• **WORK INSTRUCTION**:
Below are records with pictures. Reproduce exactly the lines from the line with "Old town of" to the line with "La forma stranamente", inclusive, and leave each picture out.

[GIVEN ENTRIES Boundary: Start]

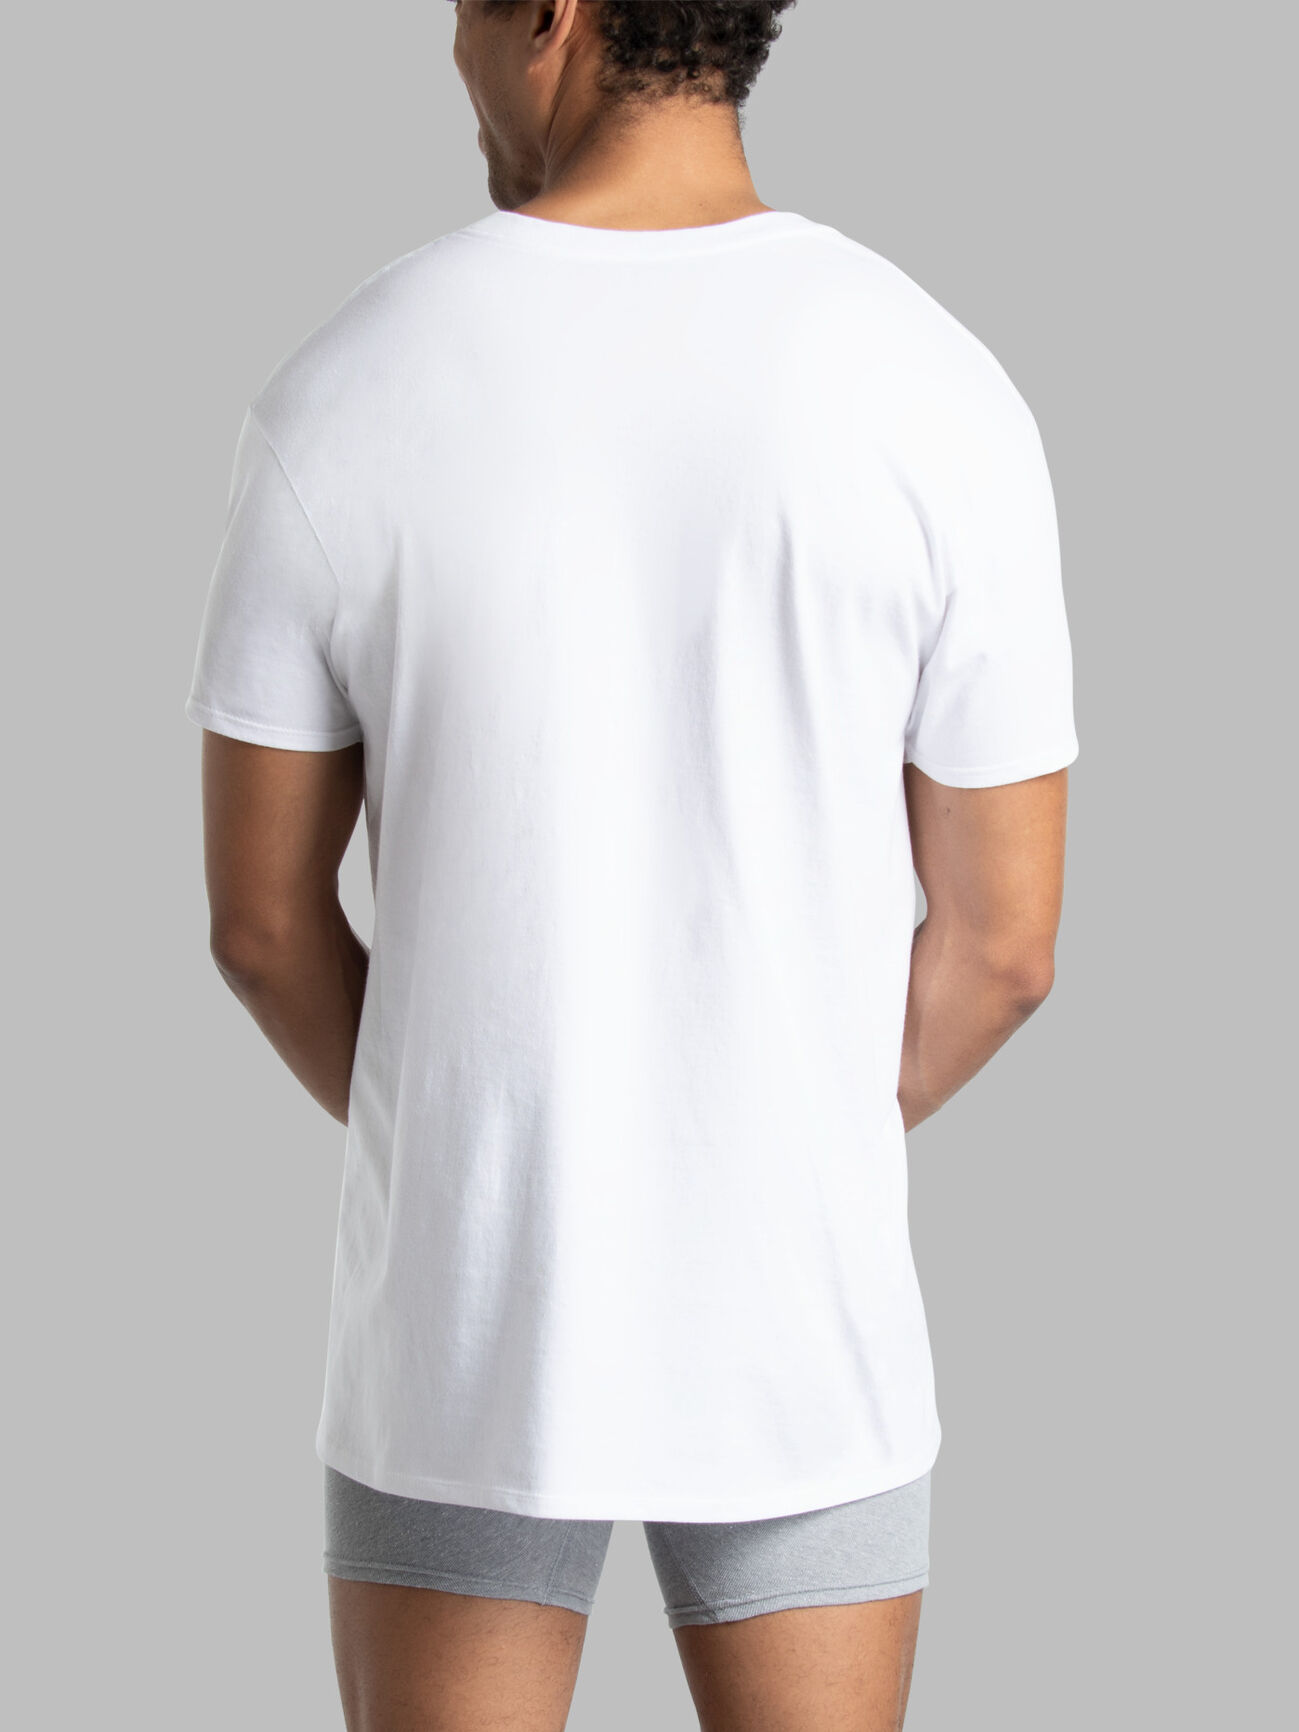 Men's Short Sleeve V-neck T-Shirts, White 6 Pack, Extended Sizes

[GIVEN ENTRIES Boundary: End]
[GIVEN ENTRIES Boundary: Start]

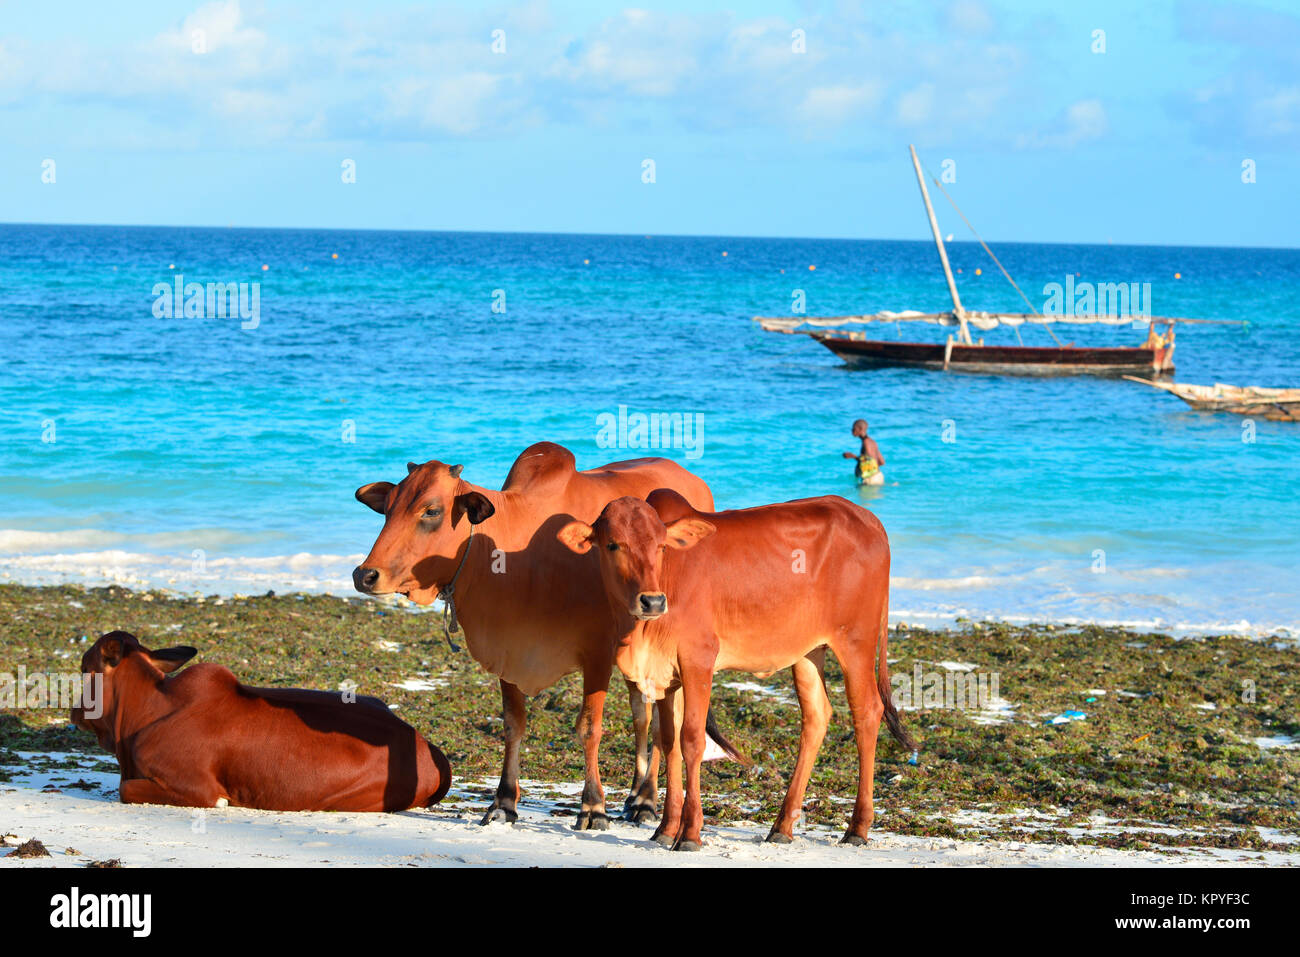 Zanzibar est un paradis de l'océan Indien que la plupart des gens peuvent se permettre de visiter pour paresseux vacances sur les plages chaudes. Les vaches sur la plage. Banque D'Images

[GIVEN ENTRIES Boundary: End]
[GIVEN ENTRIES Boundary: Start]

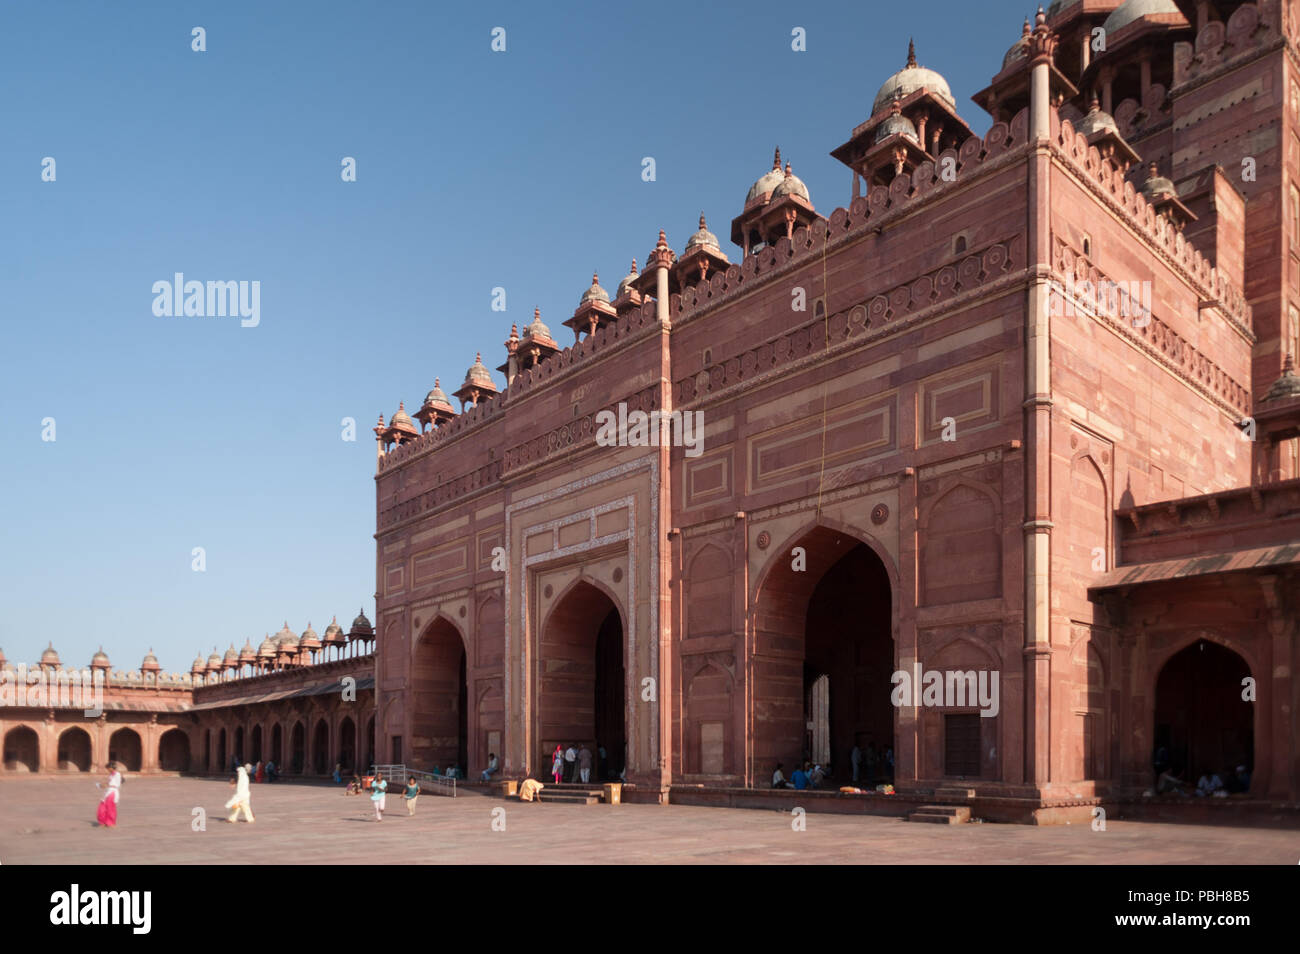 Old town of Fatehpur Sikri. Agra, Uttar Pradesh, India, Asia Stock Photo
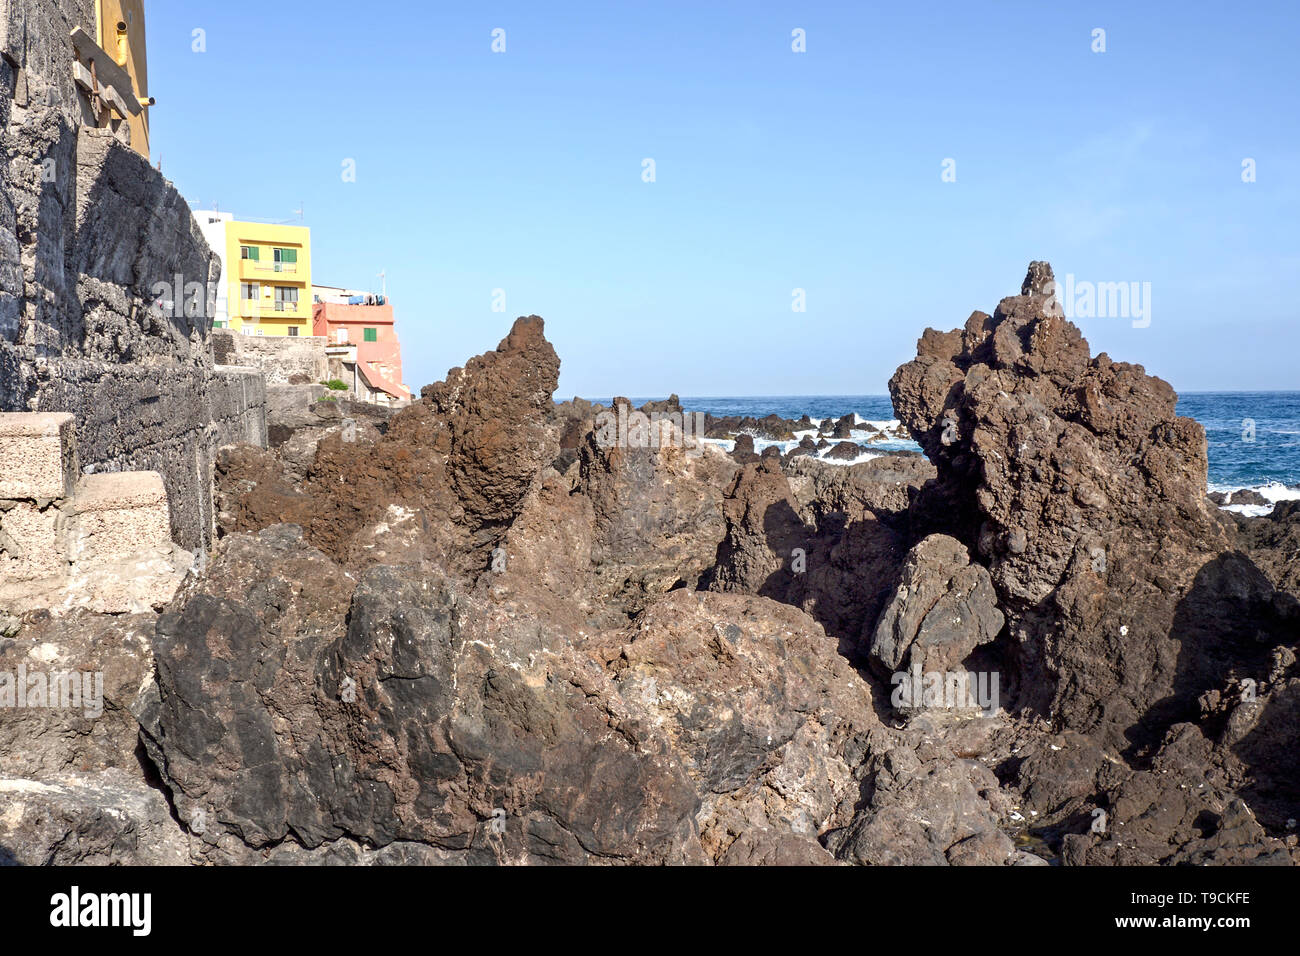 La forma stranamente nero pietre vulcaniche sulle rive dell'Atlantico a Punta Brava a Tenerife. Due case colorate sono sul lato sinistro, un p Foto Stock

[GIVEN ENTRIES Boundary: End]

• **OUTPUT BELOW**:
 Old town of Fatehpur Sikri. Agra, Uttar Pradesh, India, Asia Stock Photo
 La forma stranamente nero pietre vulcaniche sulle rive dell'Atlantico a Punta Brava a Tenerife. Due case colorate sono sul lato sinistro, un p Foto Stock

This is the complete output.